Soda D M, Levy G
J Pharm Sci. 1975 Dec;64(12):1928-31. doi: 10.1002/jps.2600641203.
Inhibition of drug metabolism was studied in adult male Sprague-Dawley rats. A hydroxylated metabolite of phenylbutazone (oxyphenbutazone) inhibited the elimination of phenytoin, which is metabolized by oxidative pathways. The biotransformation of a relatively polar and only slightly plasma protein-bound drug, antipyrine, was subject to product inhibition by a hydroxylated metabolite, 4-hydroxyantipyrine.

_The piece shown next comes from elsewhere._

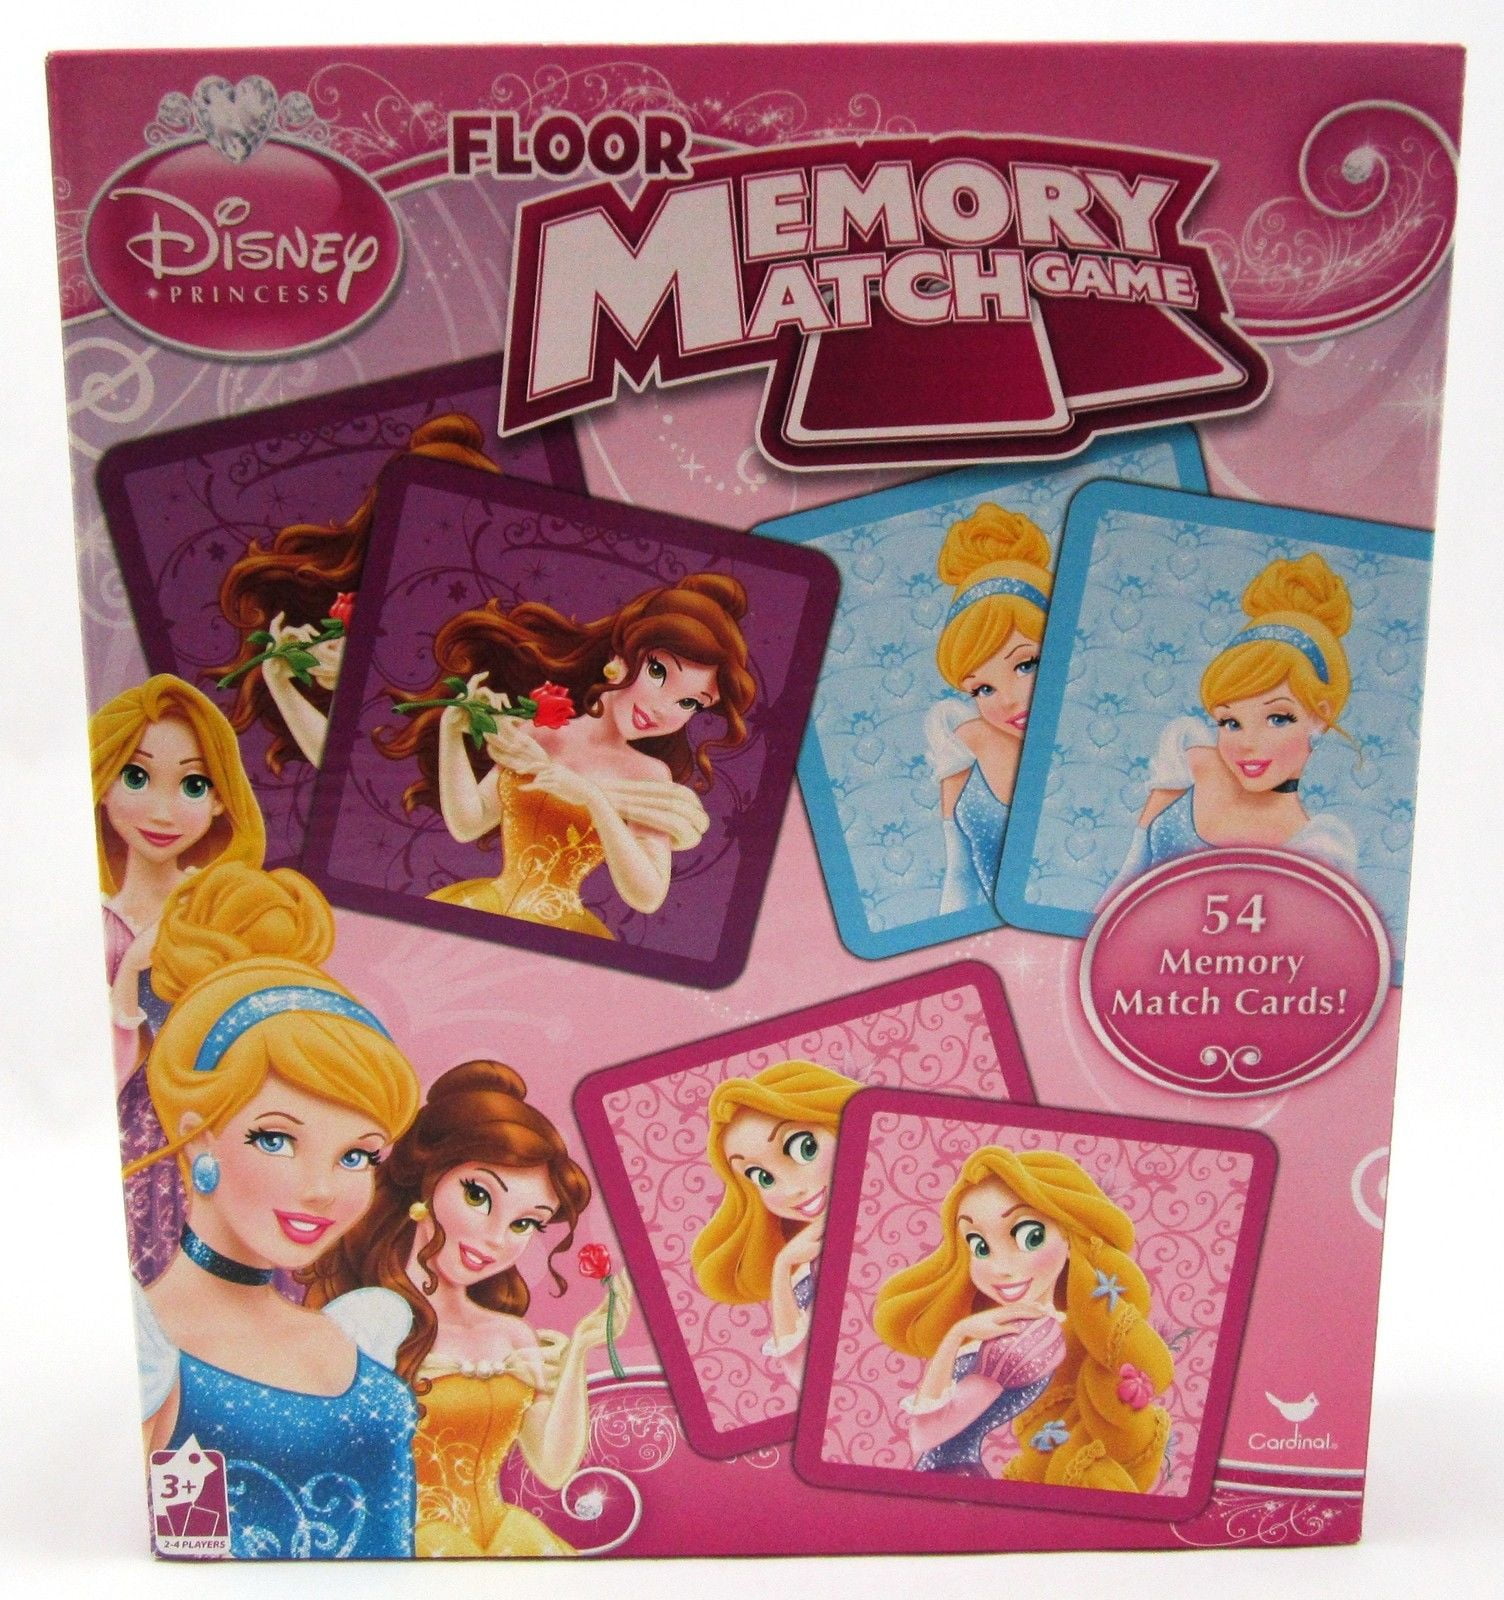 Disney Princess Floor Memory Match Game

Neither oxyphenbutazone nor 4-hydroxyantipyrine measurably affected the elimination kinetics or metabolic fate of a drug (sulfanilamide) that is not metabolized by oxidative pathways.
在成年雄性斯普拉格-道利大鼠中研究了药物代谢抑制情况。保泰松的一种羟基化代谢物(羟布宗)抑制了苯妥英的消除,苯妥英是通过氧化途径进行代谢的。一种相对极性且仅与血浆蛋白轻度结合的药物安替比林的生物转化受到一种羟基化代谢物4-羟基安替比林的产物抑制。羟布宗和4-羟基安替比林均未对一种不通过氧化途径代谢的药物(磺胺)的消除动力学或代谢命运产生可测量的影响。